Ülkemizde aslında şeker pancarından ve şeker kamışından elde edilen glikozun (şeker) kullanılması gerekir.
Türkiye şeker üretimi açısından kendine yetebilen bir ülkedir. Kurulu şeker fabrikalarımızın kapasitesi 2.5 milyon ton civarında, şeker tüketimimiz ise 1.8-2.0 milyon ton düzeylerindedir. Şeker fabrikalarımız tam kapasite çalışabilse yaklaşık 600 bin ton şeker fazlası oluşacaktır. Ülkemizde de şekerin tonu tıpkı Fransa’da olduğu gibi 600 dolara üretilmektedir. Bu 600 bin tonluk şeker fazlası 300 dolardan dünya piyasalarına verilse 180 milyon dolarlık bir açık oluşacaktır. İç piyasadaki şekerin perakende satış fiyatına yaklaşık 9 centlik bir ilave yapılmak suretiyle devlete hiçbir yük bindirmeden tıpkı Fransa’da olduğu gibi bu açık kolaylıkla halledilebilir. Ayrıca dış piyasaya verilen şekerden elde edilecek 180 milyon dolar da yine halkın hizmetine harcanacaktır.

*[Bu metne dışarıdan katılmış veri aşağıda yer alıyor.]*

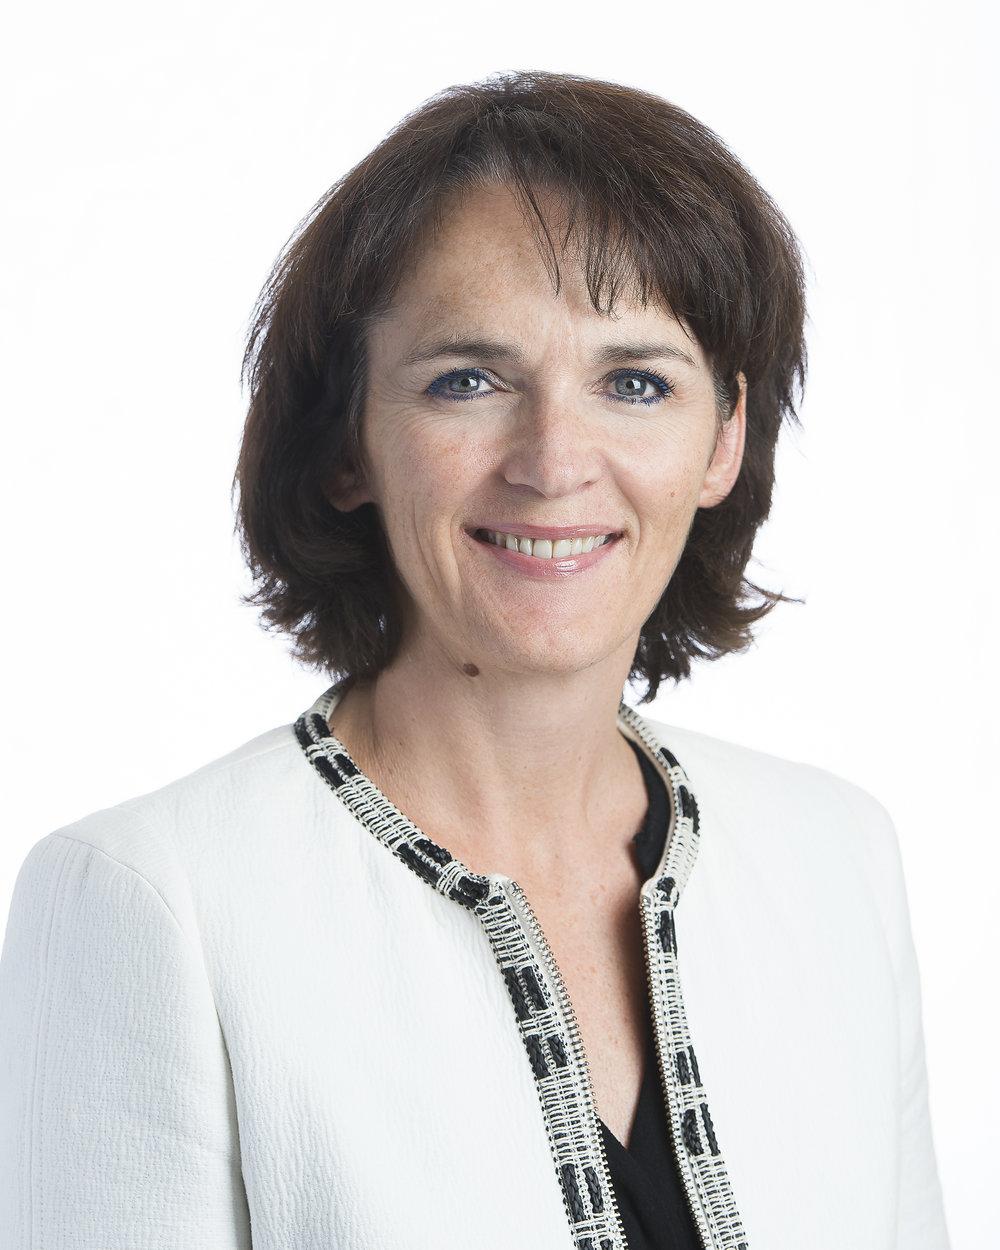 Marine Friant-Perrot, Maître de conférences à la Faculté de droit et des sciences politiques de Nantes, Université de Nantes

Şeker pancarı tarımının faydalarını aşağıdaki gibi özetlemek mümkündür:
Şeker pancarı tarımı ile yaklaşık 500 bin çiftçi ailesi uğraşmaktadır. Hane halkı düzeyinde bu sayı yaklaşık 2.5 milyon kişiye karşılık gelmektedir.
Kırsal kesimde ayçiçeği tarımına göre 4.4 kat, buğday tarımına göre 18 kat daha fazla istihdam oluşturur.
Şeker fabrikalarında yaklaşık 30 bin kişi çalışmaktadır.
Şeker pancarı tarımı, sağladığı yüksek istihdam ile köyden kente göçün hızını kesmektedir.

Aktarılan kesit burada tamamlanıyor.